Istana Brussels Belgia


Zinnia terdiam mendengarkan permintaan adiknya yang tinggal di Australia.


"Apa kamu yakin Mintang?" tanya ratu Belgia itu.


"Iya mbak. Aku sudah memikirkan matang-matang. Apa mbak Zee bisa tolongin aku?"


Zinnia menatap Sean yang sedang menggendong Alvaro dengan tatapan bingung membuat suaminya membalas tatapannya dengan wajah bertanya.

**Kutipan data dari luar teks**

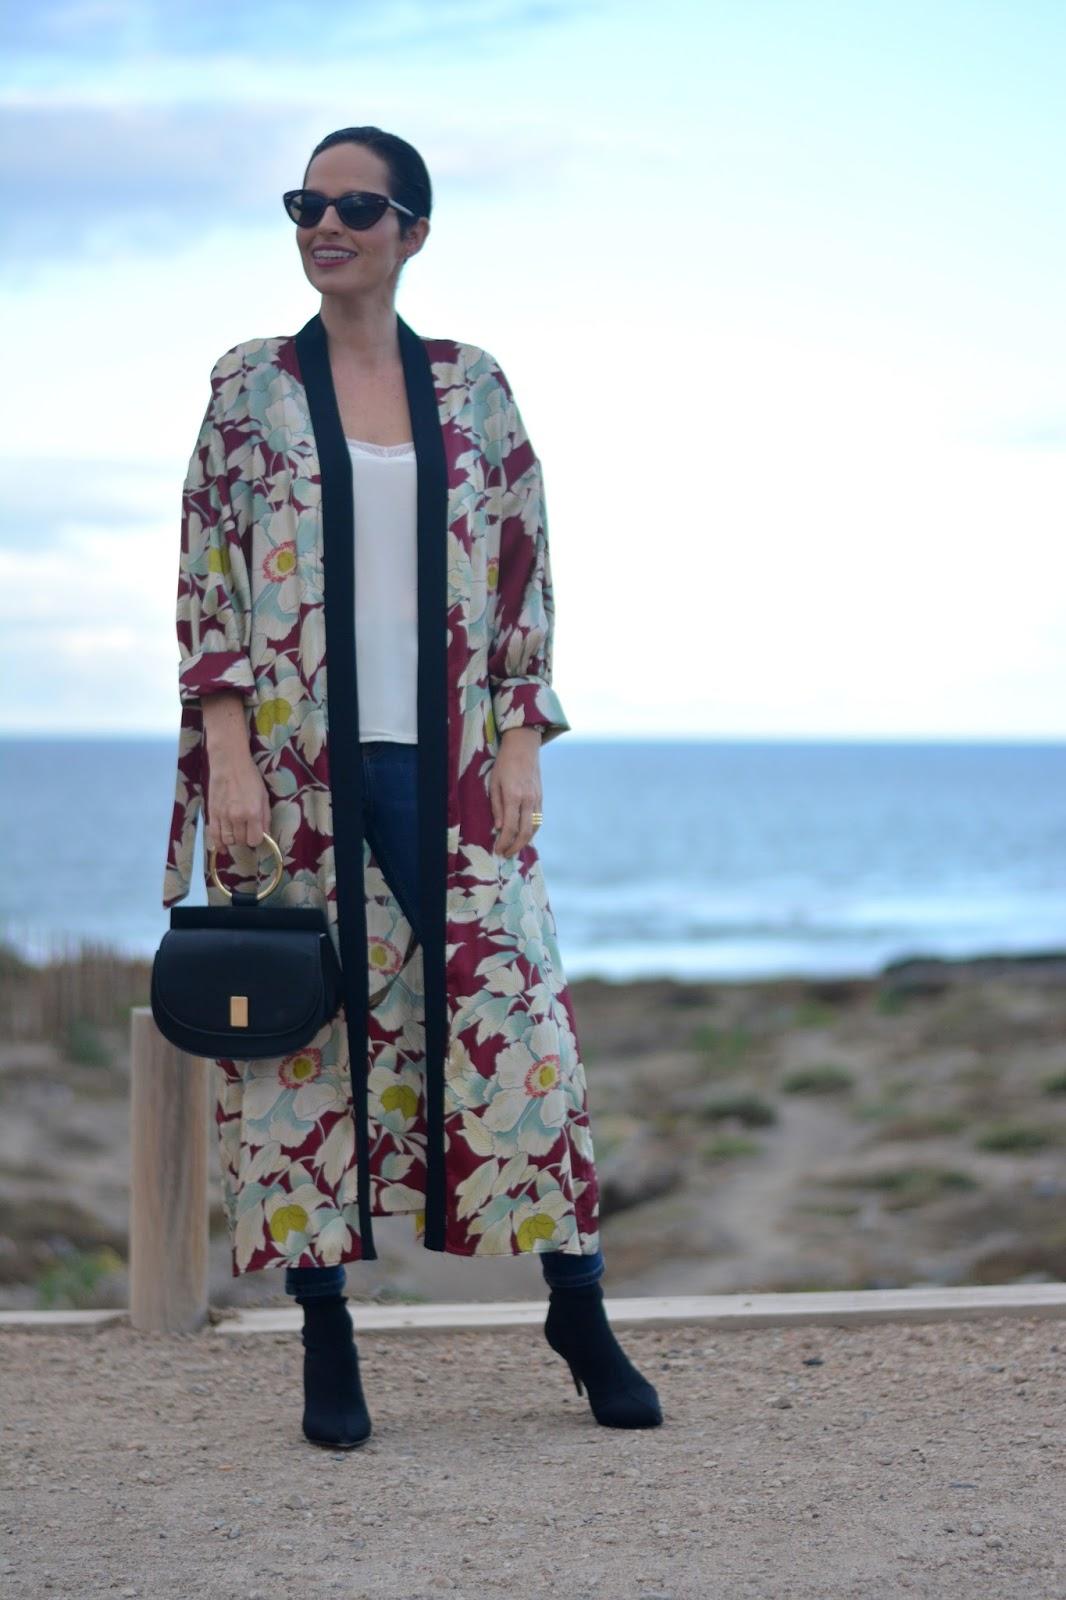 zara-kimono-outfit-daily-looks-gema-betancor

"Mintang, mbak tahu apa yang terjadi sama kamu dan Krisna waktu masih di Singapura. Mbak tahu rasanya menjadi kamu dan jika itu keinginan kamu, mbak akan bantu kamu tapi sebaiknya kamu bilang dulu dengan Oom Fathir, Tante Fahira dan Pahlevi agar mereka tidak kaget dan ada unggah ungguhnya. Memang kedengarannya kamu tidak profesional tapi kalau soal masalah hati dan mental, itu tidak bisa diabaikan apalagi kamu kan punya migrain kalau sudah terlalu stress."


"Iya mbak. Setidaknya aku ingin menata hatiku karena apa yang terjadi hampir tiga bulan ini tampak terasa cepat hingga aku tidak bisa berpikir jernih dan logis seperti biasanya."

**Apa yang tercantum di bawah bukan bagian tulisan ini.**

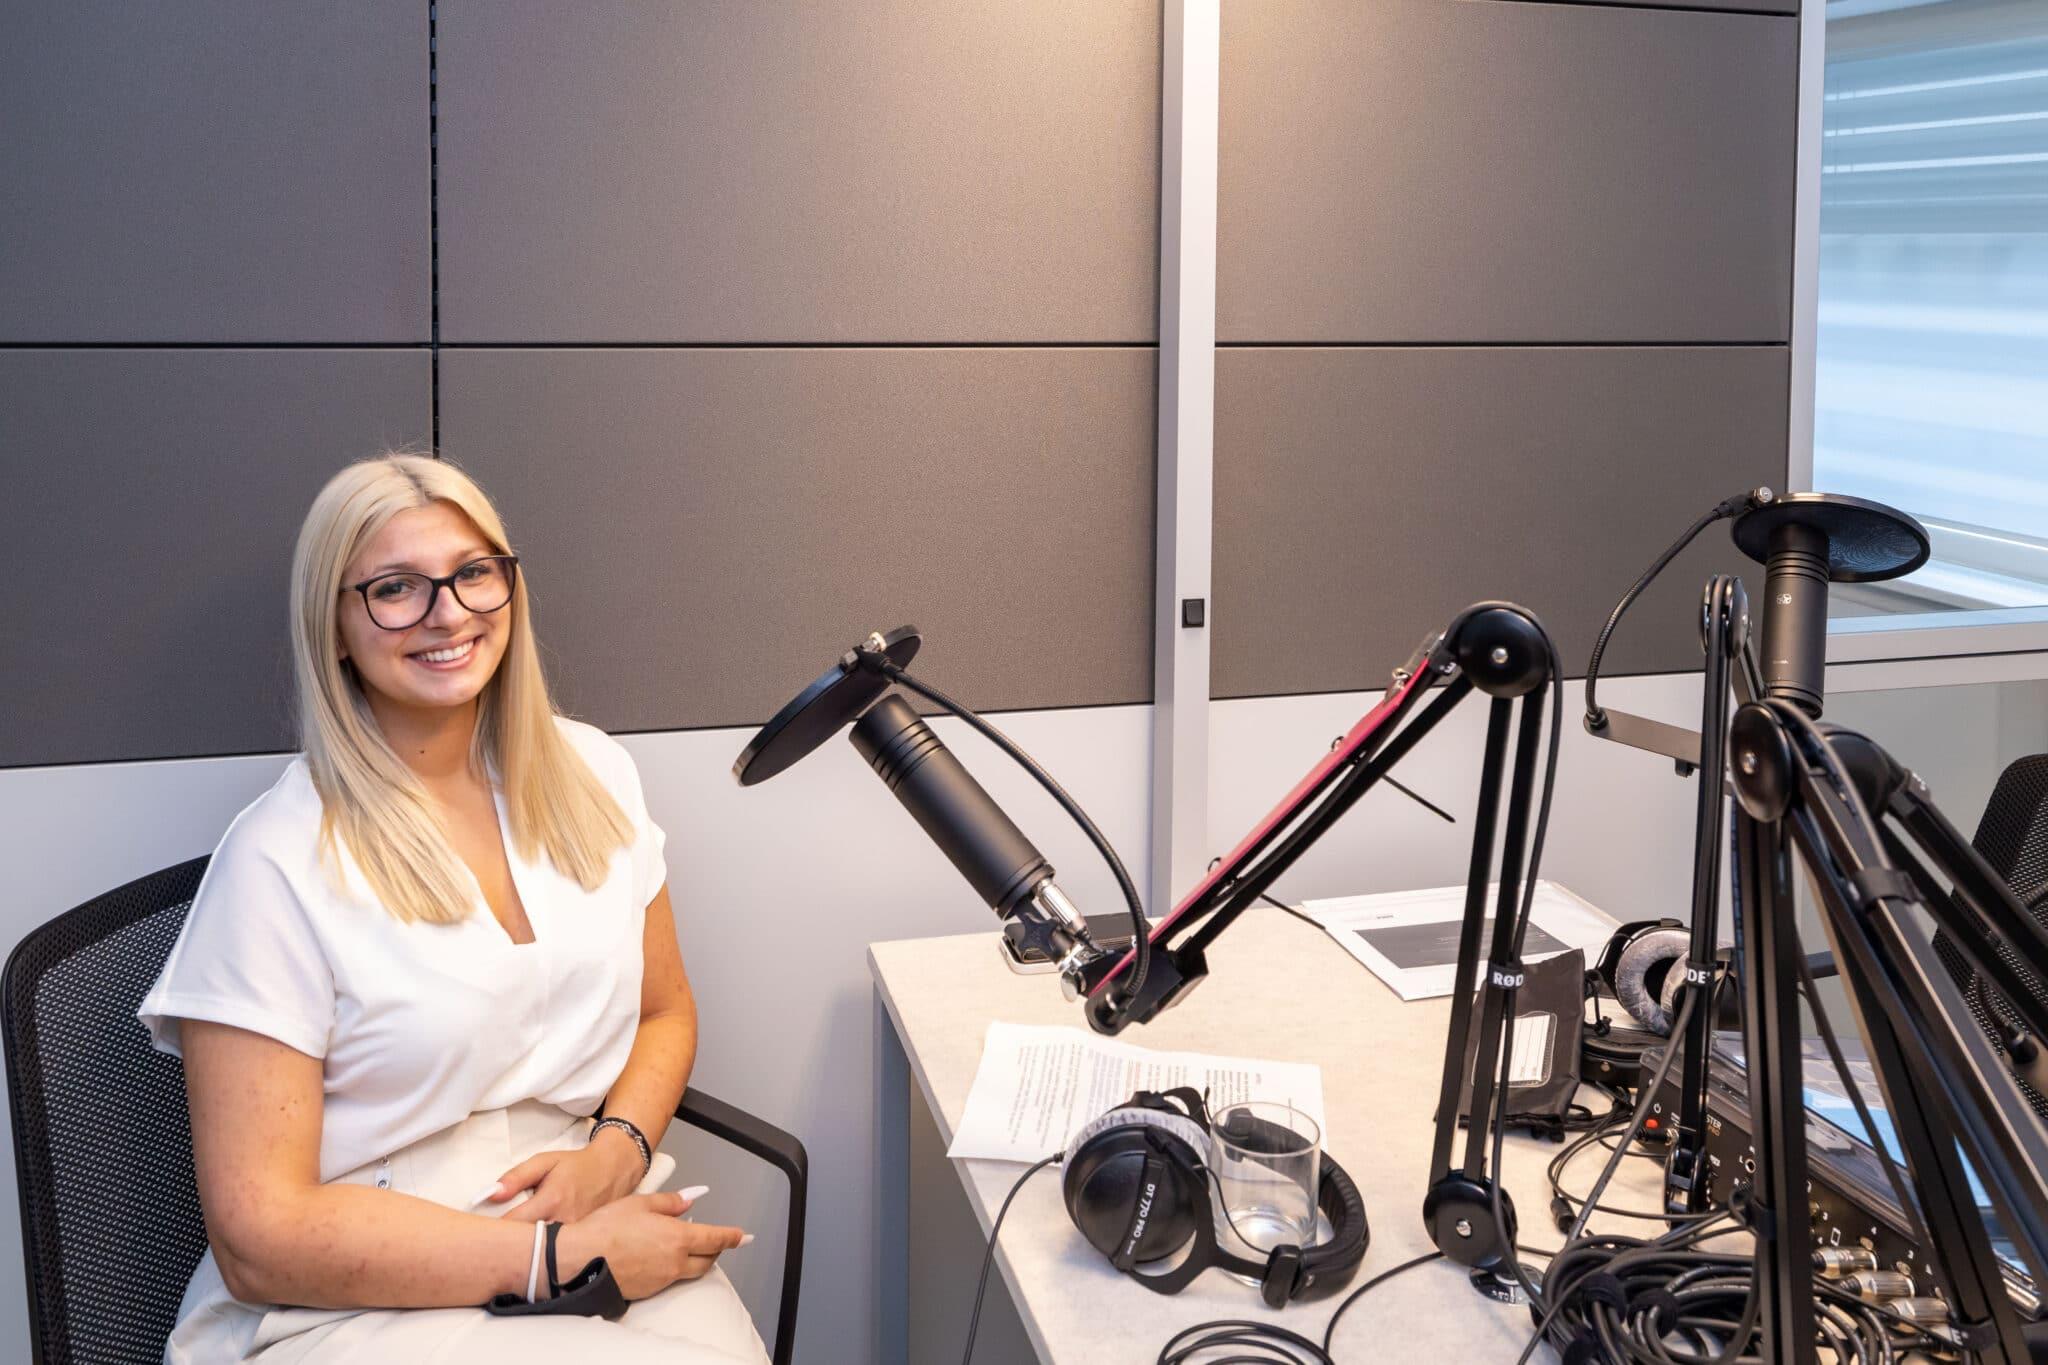 Aleksandra Stevic im Podcast-Studio

"Setelah kamu bicara dengan Oom Fathir, kamu telepon mbak dan biar kita rencanakan dengan matang. Oke?" ucap Zinnia.


"Oke mbak. Terimakasih. Sayang mbak Zee" senyum Gemintang. Keduanya masih mengobrol sebentar lalu Gemintang mengakhiri panggilannya.


Sean menghampiri istri cantiknya yang sedang termangu tampak bingung. "Ada apa Zee? Mintang bertengkar dengan Rao?"


"Mintang ingin pergi meninggalkan Krisna."


Sean tampak tidak terkejut mendengar ucapan istrinya. "Zee, mereka berdua kan memang mengalami masalah sebelumnya ditambah Mintang terpaksa untuk menikah dengan Rao. Aku tidak tahu apa kelakuan Rao yang membuat Mintang harus menikah dengannya tapi jika adikmu ingin menenangkan diri, kita dukung."


Zinnia memeluk suaminya erat. "Kira-kira kemana enaknya sembunyikan Mintang? Indramayu?"


Sean menggelengkan kepalanya. "Kamu kan punya tempat yang paling aman."


"Istana kita?"


***


Apartemen Michel dan Gemini di Palermo


Sudah hampir dua Minggu Gemini dan Fillipo belajar bersama dan kini Gemini belajar mengetik di iMac dengan voice command. Berkat aplikasi canggih dan jauh lebih disabilitas friendly, membuat Gemini merasa dirinya bisa bekerja seperti halnya sebelum dia mengalami kebutaan.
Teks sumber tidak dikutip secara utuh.